Так было со мной и там, у Дубной Скалы. Я пришел в себя за каким-то завалом и заскрипел зубами:
— Олен! Олен! Окажись ты здесь, тебе бы несдобровать!
Я живо представлял себе, как он в каком-нибудь доме у Стречно, с моноклем — я и по сей день не знаю, почему именно с моноклем, — читает точно такую же карту, какая была и у меня, на ней тот же Ваг, те же Магура, Паношина, Минчол, Кривань, Старград, Липовец, Варин, шоссе, железные дороги, развалины замков, города, села, ручьи, речки; те же высоты, наши и его позиции, все старательно раскрашено цветными карандашами — с высокой штабной культурой; остро отточенным карандашом постукивая по кружку «Дубна Скала», он обращается к своему штабу: «Здесь я с ними разделаюсь. Здесь сломаю им хребет. Именно здесь!»
Как и мы в академии в Границе, он в своей академии на занятиях по истории войн наверняка зубрил теории известных авторитетов и философию разных школ…
Но разве наши бои вписывались в рамки тех доктрин, планов, концепций, проектов и принципов? Эта изнурительная, длившаяся до полного изнеможения схватка в узкой теснине, где превосходящей силе, технике, опыту «ремесла» войны, моменту неожиданности противостояли лишь сознательность, смелость и мужество? Что общего имела эта кровавая драка с тактическими инициативами, выжидательными маневрами, пассивными формами вооруженной борьбы, изматыванием противника в позиционной войне, как называется все это оперативное искусство командования войсками в сложных ситуациях? Ведь порой мы даже не знали, кто и откуда стреляет в нас, откуда на нас падают снаряды и мины, и точно так же мы не знали, кого, как и где бьем мы. Ведь из теории смерти тогда действовала только сама смерть.
Да, кстати. Я постоянно вспоминаю Олена, а вы и не знаете, о ком идет речь. Конрад Адольф Алоизиус Франц Мария Иосиф Губертус, господин фон Олен и Адлерсон, доктор политических наук, родился 6 октября 1896 года в Рейхене… с 1 апреля 1940 года майор, служил в 9-й танковой дивизии, с июня 1941 года полковник в частях резерва 178-й танковой дивизии. Как видите, опытный вояка, не какой-нибудь зеленый юнец. Начальник тех, что атаковали нас.
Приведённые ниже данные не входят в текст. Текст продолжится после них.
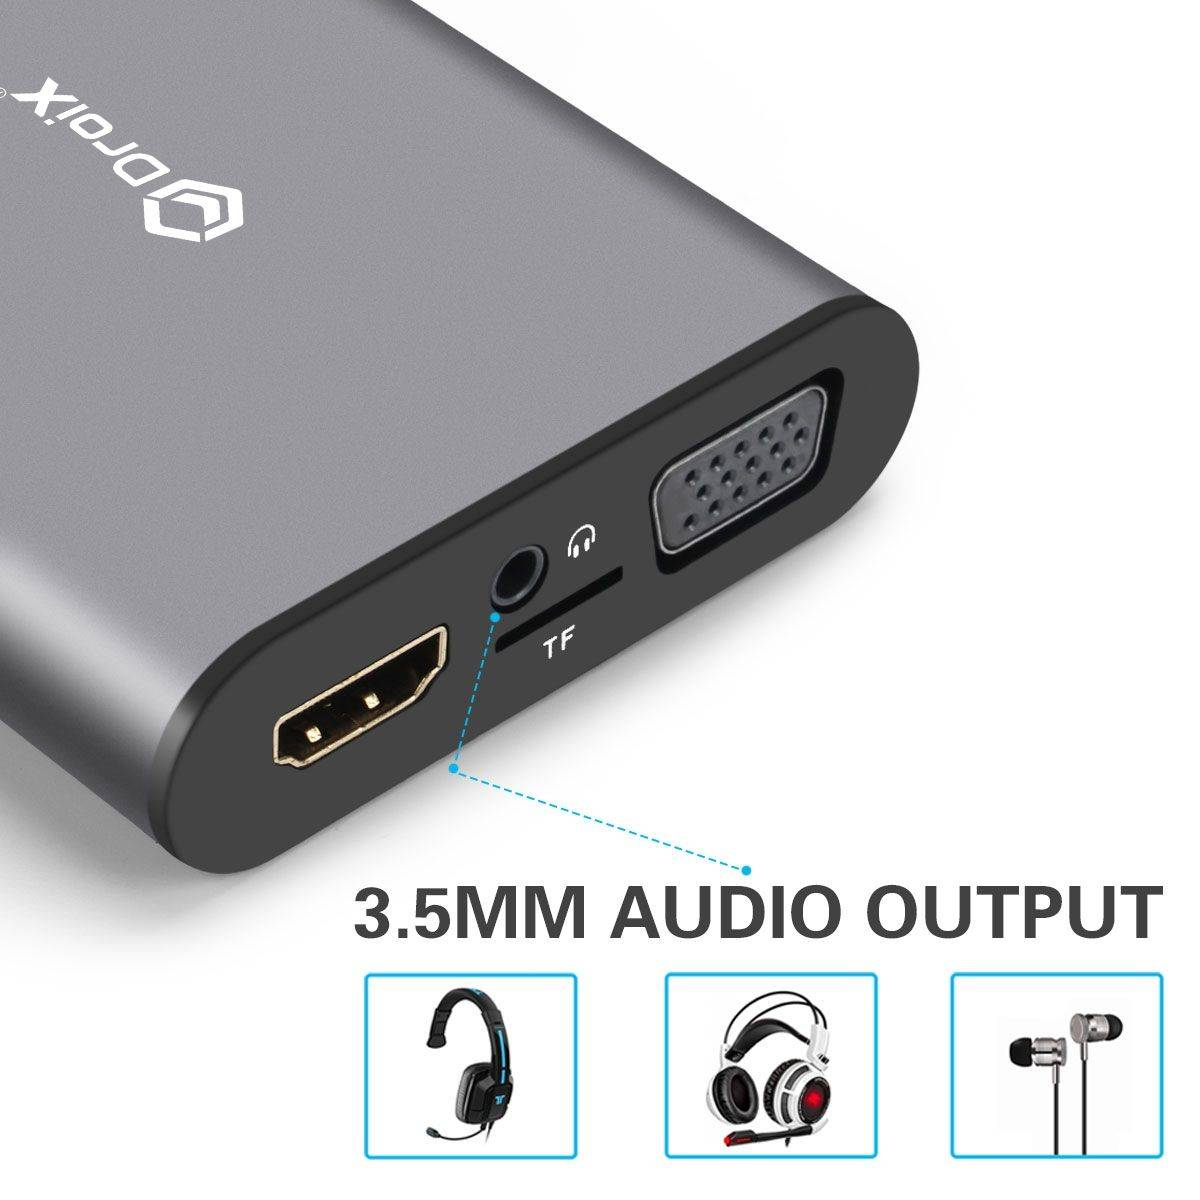 DroiX FX8 USB Type-C Hub Audio Output Port for Speakers,Headphones,Earphones

Я говорю, тех, что атаковали нас. Но и в этом смысле тоже сплошная путаница, никакой ясности. Существует масса сообщений, донесений, слухов, взглядов, мнений, полуправд, заключений, а в последнее время уже и документов.
Я уже упоминал Donnerschlag. Легенда.
Другие говорят, что на Стречно шла 18-я бронетанковая дивизия СС. Но эта дивизия находилась тогда у Нового Сонча и получила приказ выделить ударную группу штурмбаннфюрера Шефера, перейти границу в ночь на 31 августа в направлении на Кежмарок, Попрад и пробиться на Липтов, что ей и удалось, так что оказаться у Жилины она никак не могла.
Следующие утверждают, что против нас выступила группа полковника Юнга, хотя никто из нас никогда о нем не слышал. В архивах, однако, сохранилось телетайпное донесение генерал-майора Ксиландера штабу группы армий «Гейнрики» в Собраницах, в котором он 30 августа сообщает, что немцы сконцентрировали в Словакии две ударные группы. Первая — полковника фон Олена, состоящая из 82-го резервного бронетанкового полка, учебно-тренировочных батальонов ополчения II/1 и I/8, боевой группы «Сеница», 1-й роты 373-го батальона ополчения и резервной танковой роты; она продвигалась из района Поважской Быстрицы через Дольны Гричов на Жилину и Врутки. Вторая — ударная группа полковника Юнга, состоявшая из штабной роты 86-го танкового полка, одной роты, одного взвода связи, взвода саперов, взвода тяжелых пулеметов 13-го резервного бронетанкового батальона и 8-й роты истребителей танков, переведенной сюда из района Чадца для атаки на Жилину. Эти части входили в 178-ю танковую дивизию, дислоцированную в Тешине, которая была «под рукой», и их передвинули на Кисуцу через Яблунков.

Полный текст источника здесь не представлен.